Which implies that, to complete the proof, I must show that
[itex]\liminf{\frac{a_{n+1}}{a_n}} \leq \liminf{a_n^{1/n}}[/itex]
and
[itex]\limsup{a_n^{1/n}} \leq \limsup{\frac{a_{n+1}}{a_n}}[/itex]
I'm focusing right now on the limsup inequality.
The Attempt at a Solution
I took ln of each term,
[itex]\ln{\limsup{a_n^{1/n}}} = \limsup{\ln{a_n^{1/n}}} = \limsup{\frac{\ln{a_n}}{n}}[/itex]
and
[itex]\ln{\limsup{\frac{a_{n+1}}{a_n}}} = \limsup{\ln{\frac{a_{n+1}}{a_n}}} = \limsup{(\ln{a_{n+1}}-\ln{a_n})}[/itex]
This implies that I need to show that
[itex]\limsup{\frac{\ln{a_n}}{n}} \leq \limsup{(\ln{a_{n+1}}-\ln{a_n})}[/itex]I've let
[itex]M_1 := \limsup{\frac{\ln{a_n}}{n}}[/itex]

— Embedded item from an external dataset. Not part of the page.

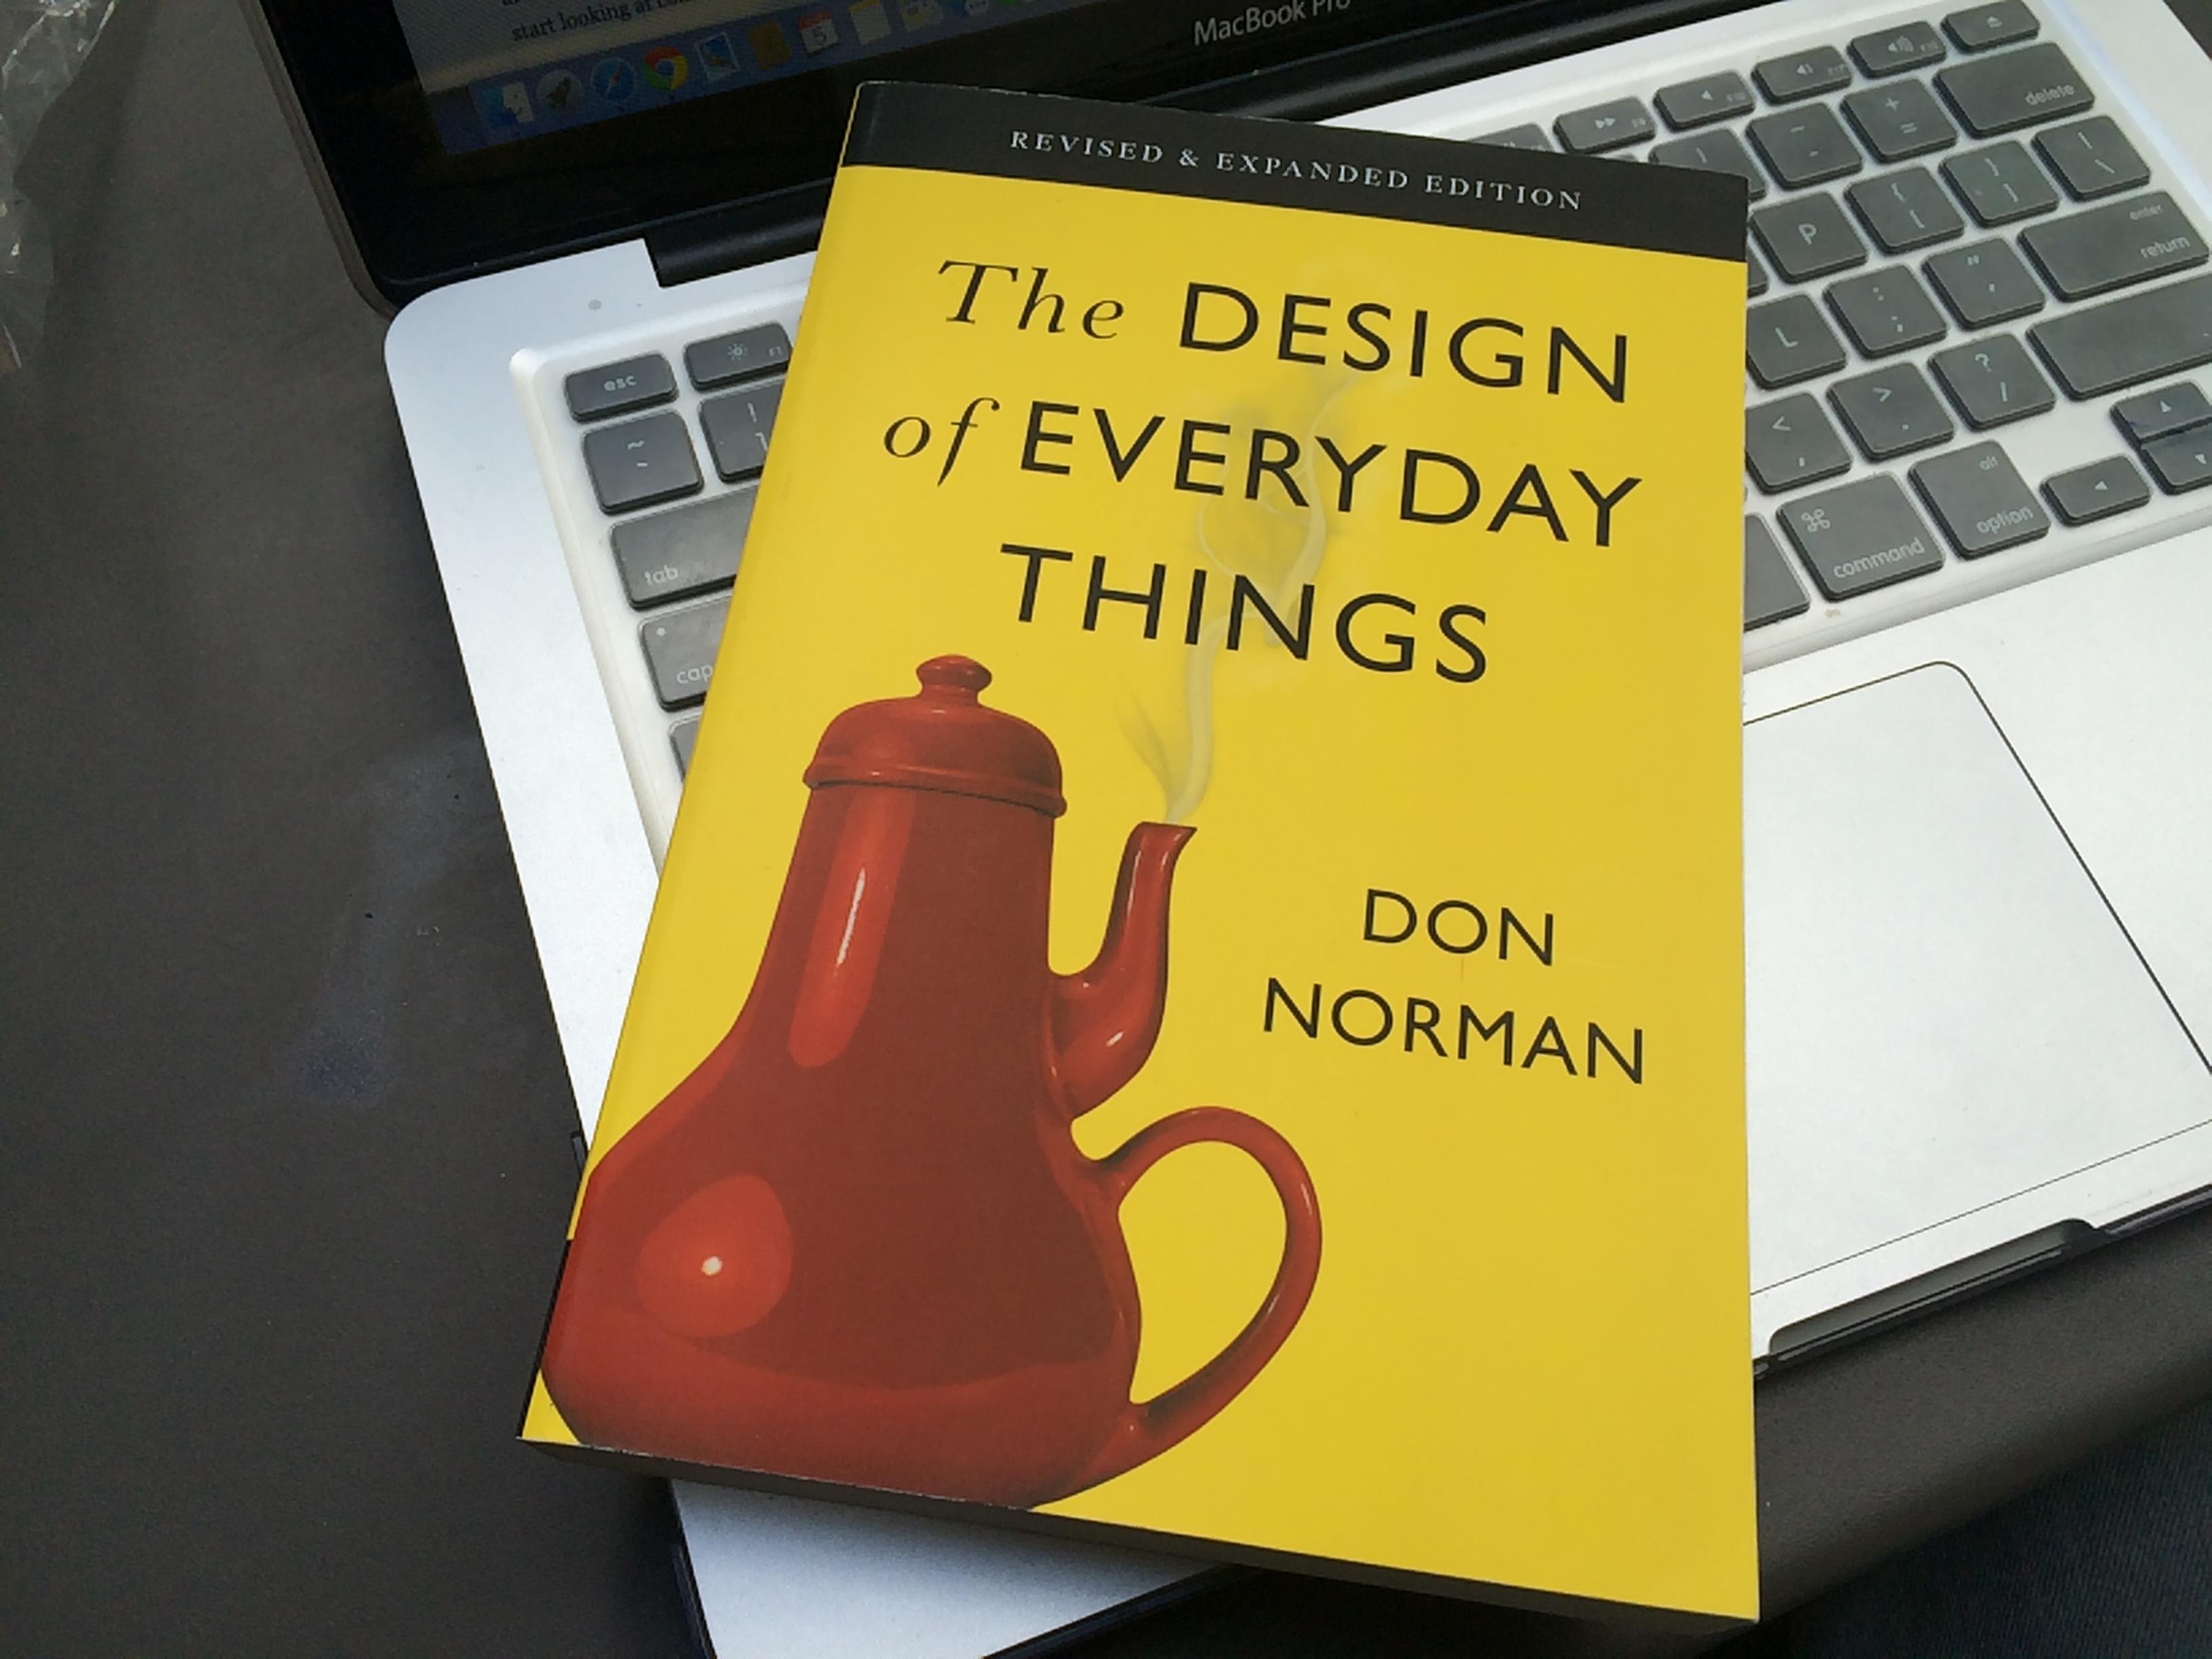 UI/UX design books

[itex]M_2 := \limsup{(\ln{a_{n+1}}-\ln{a_n})}[/itex]
So now I just have to show that [itex]M_1 \leq M_2[/itex]
By the definition of limit, for all ε>0 there exists an N1 in the natural numbers such that for all [itex]n > N_1[/itex] we have
[itex]M_1 - ε < \frac{\ln{a_n}}{n} < M_1 + ε[/itex]Similarly, for all ε>0 there exists an N2 such that for all [itex]n > N_1[/itex] we have
[itex]M_2 - ε < \ln{a_{n+1}}-\ln{a_n} < M_2 + ε[/itex]I think I can say that the epsilons are the same, since for each of these statements, I can choose a specific epsilon and I'm guaranteed that an N1, N2 exist to satisfy the inequalities. However, I don't know how to go from here to show [itex]M_1 \leq M_2[/itex]. It might be trivial, I don't know, but I just don't see it. I've been working on this problem for too long, and it's making me cross-eyed. It was a homework problem that I turned in unfinished, and now I'm just trying to finally figure it out for my own sanity.